BFMTV
Politique

"Il n'y a pas de mots": Pap Ndiaye ému aux larmes au Sénat en évoquant le suicide de Lucas

Visiblement ému, le ministre de l'Éducation nationale a rappelé les engagements pris par le gouvernement afin de lutter contre le harcèlement scolaire et l'homophobie.

"Qu’est-ce que vous voulez que je vous dise?" Interpellé au Sénat par l'élue écologiste Mélanie Vogel au sujet du suicide du jeune Lucas dans les Vosges, cet adolescent de 13 ans qui s'est donné la mort début janvier sur fond de harcèlement et d'homophobie, le ministre de l'Éducation nationale Pap Ndiaye a eu bien du mal à retenir ses larmes au moment de prendre la parole.

"Quand un enfant met fin à ses jours, il n’y a pas de mots pour dire l’émotion, le chagrin, la douleur, il n’y a pas de mots.
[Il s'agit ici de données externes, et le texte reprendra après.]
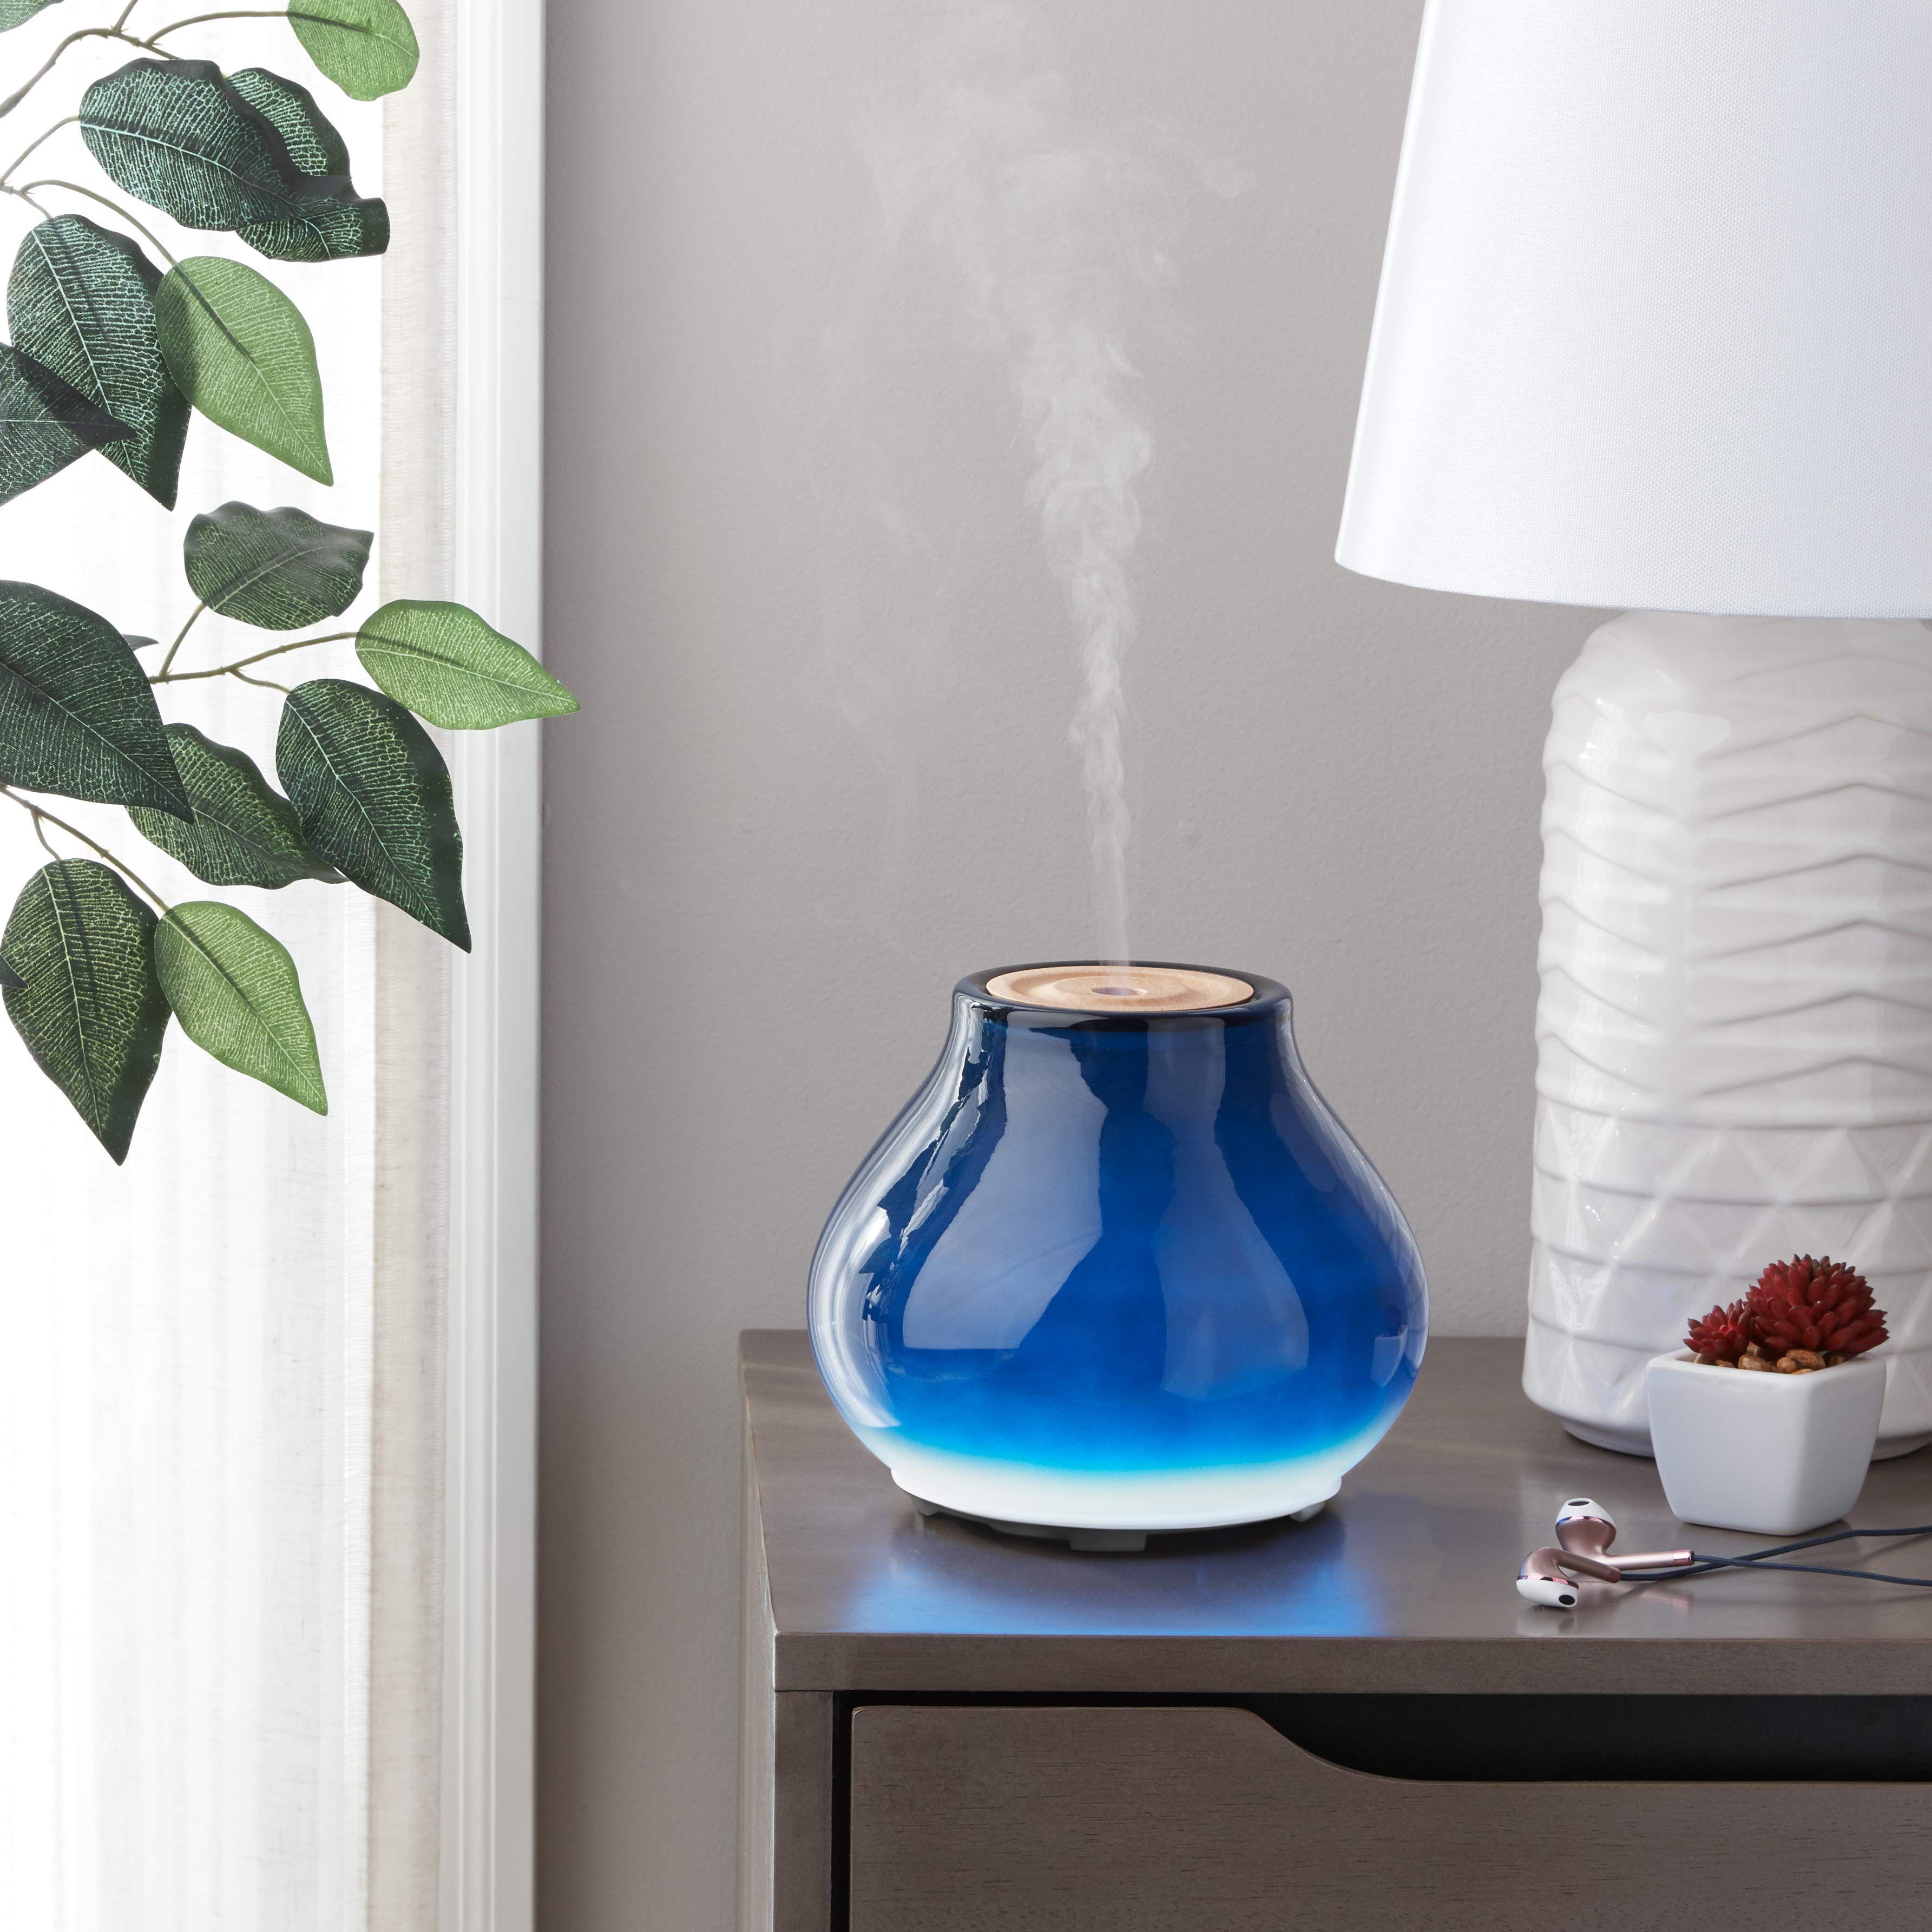 Imagine Cordless Ultrasonic Aroma Diffuser Aroma Diffuser Ultrasonic Aroma Diffuser Mist Diffuser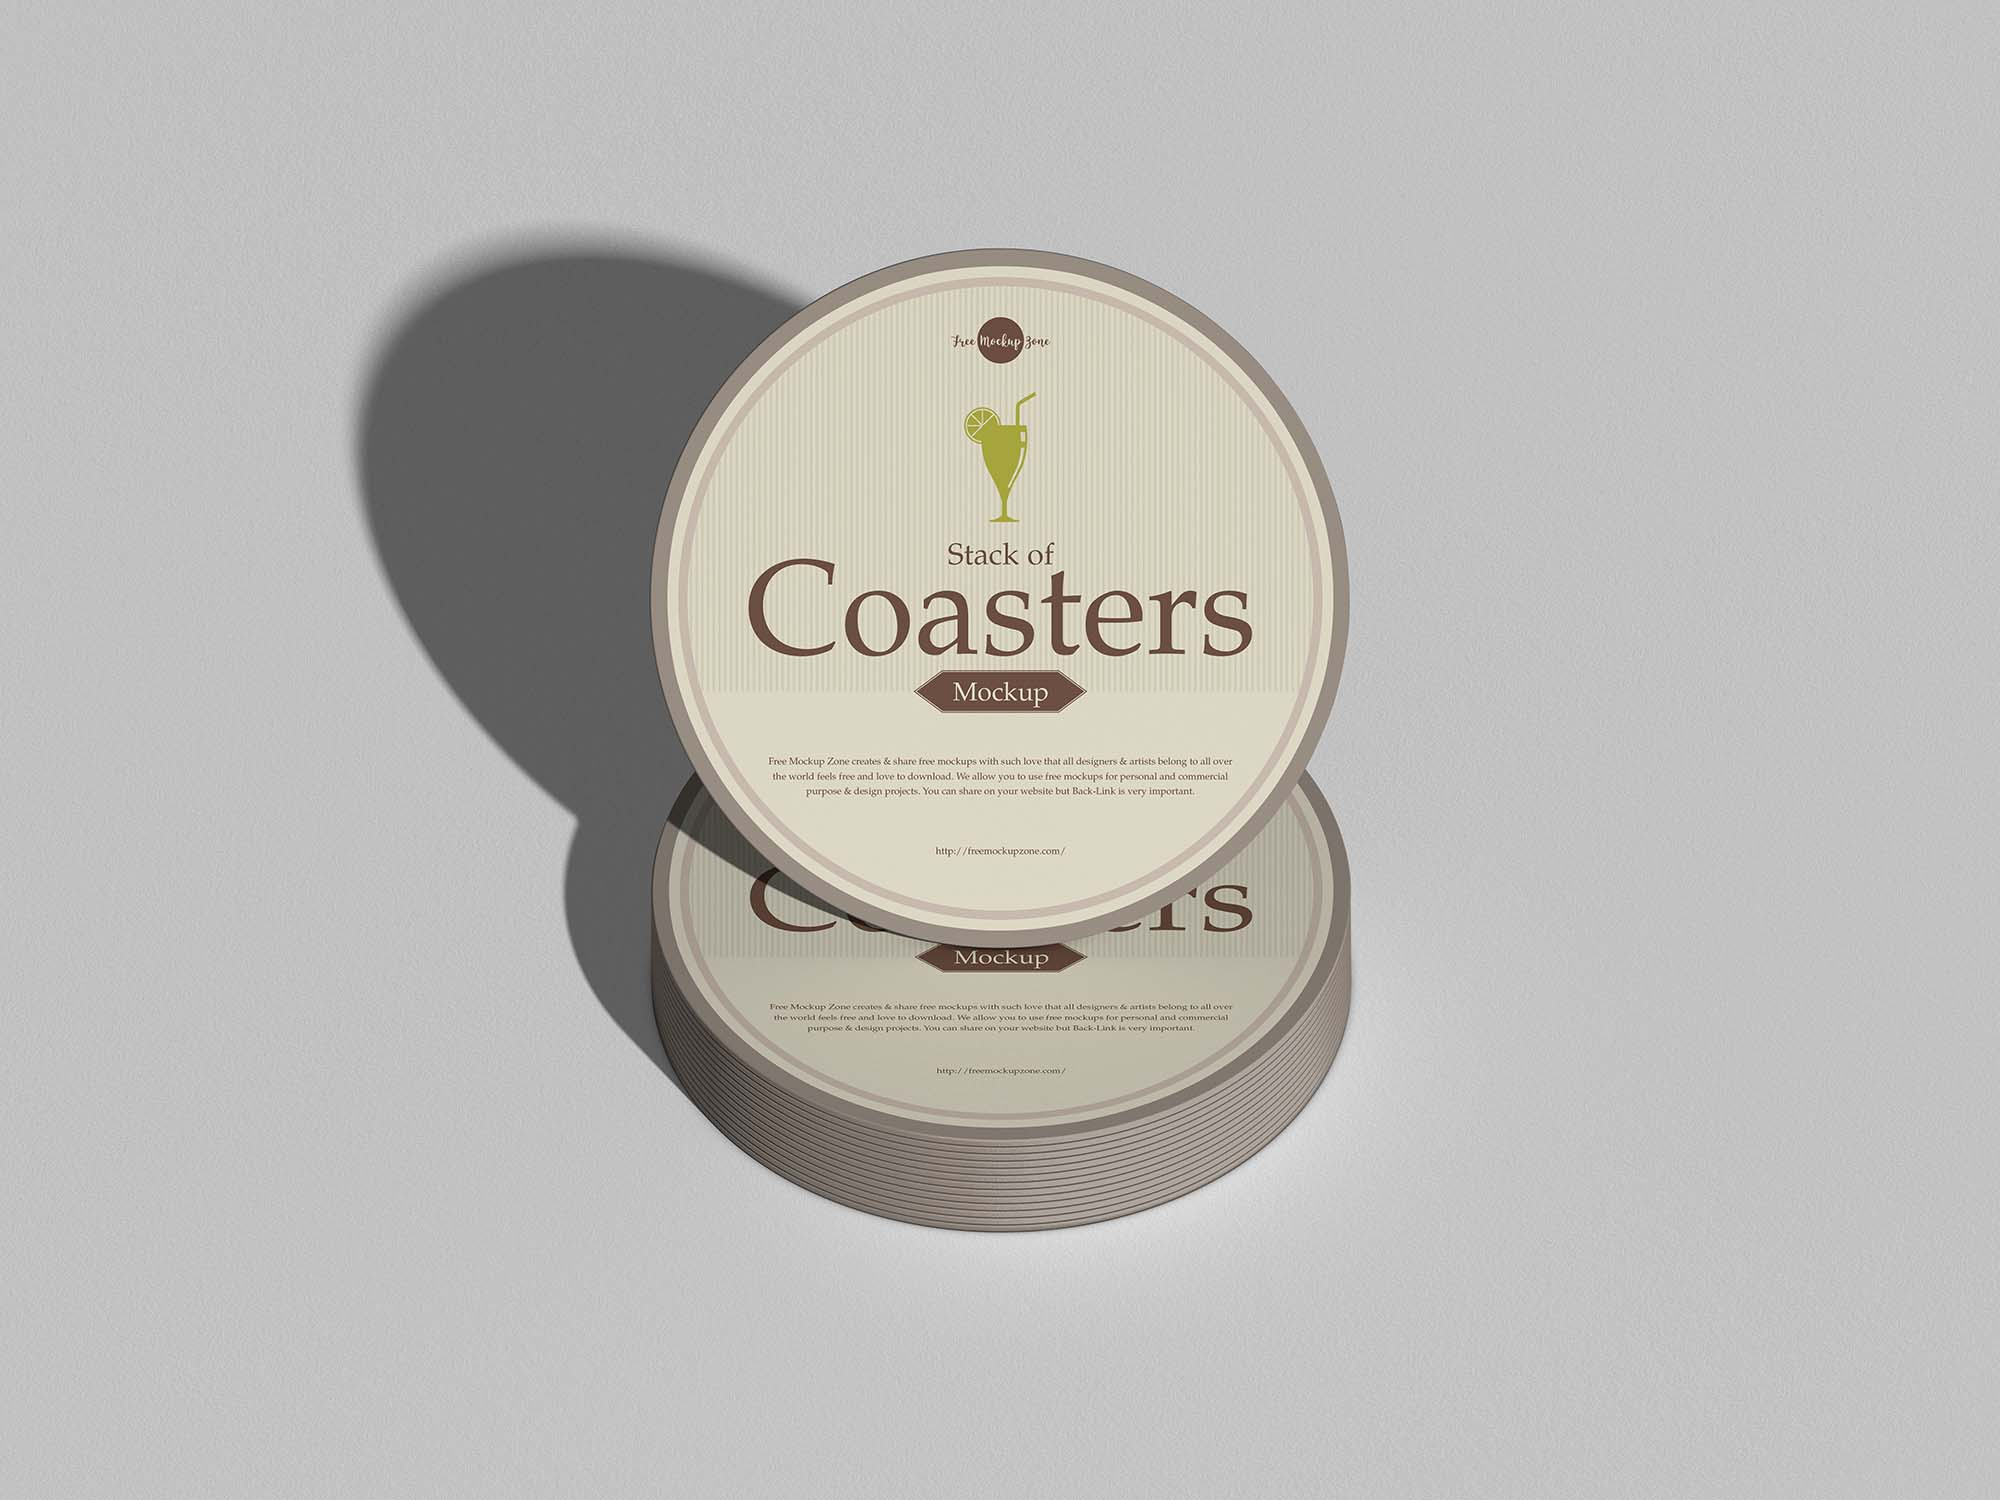 Round Coasters Mockup

J’adresse mes pensées les plus émues à ses parents, à ses proches, à ses amis", a-t-il dit, en ayant toutes les peines du monde pour retenir quelques sanglots.

"Je vais suivre cela personnellement"

Dans la suite de son propos, le ministre a toutefois tenu à souligner la politique mise en place pour lutter contre le harcèlement scolaire et l'homophobie, qui est "une priorité du gouvernement."

"L’orientation sexuelle est souvent un point d’appui des auteurs de harcèlement. Il en est de même pour d’autres caractéristiques, comme l’apparence physique, l’origine, la condition sociale", a-t-il rappelé.

En réponse, Pap Ndiaye rappelle que son ministère souhaite "changer les représentations qui alimentent les haines" en favorisant la "prévention" et "l'éducation à la sexualité."

"C’est pour cela que dès septembre dernier, j’ai pris des mesures pour rendre effectifs ces enseignements", ajoute-t-il.

"Sur la lutte contre l’homophobie à l’école, j’ai décidé que dans chaque académie devaient être généralisés des groupes de sensibilisation, de prévention et d’action contre les LGBTphobies, et je vais suivre cela personnellement", conclut-il.

Deux enquêtes ouvertes

Le samedi 7 janvier dernier, Lucas, âgé de seulement 13 ans, avait été retrouvé pendu à son domicile de Golbey, dans le département des Vosges. Dans son journal intime, il avait évoqué sa volonté de mettre fin à ses jours sans toutefois faire référence au harcèlement, selon le procureur de la République d'Épinal Frédéric Nahon.

"Il convient d'être prudent sur le lien de causalité", avait prévenu ce dernier lors d'un point presse tenu vendredi dernier.

Dans l'attente des conclusions de l'enquête préliminaire ouverte pour "harcèlement sur mineur de 15 ans" et "harcèlement scolaire", Pap Ndiaye avait de son côté annoncé l'ouverture d'une enquête administrative. Les obsèques de l'adolescent se sont tenues samedi à Golbey.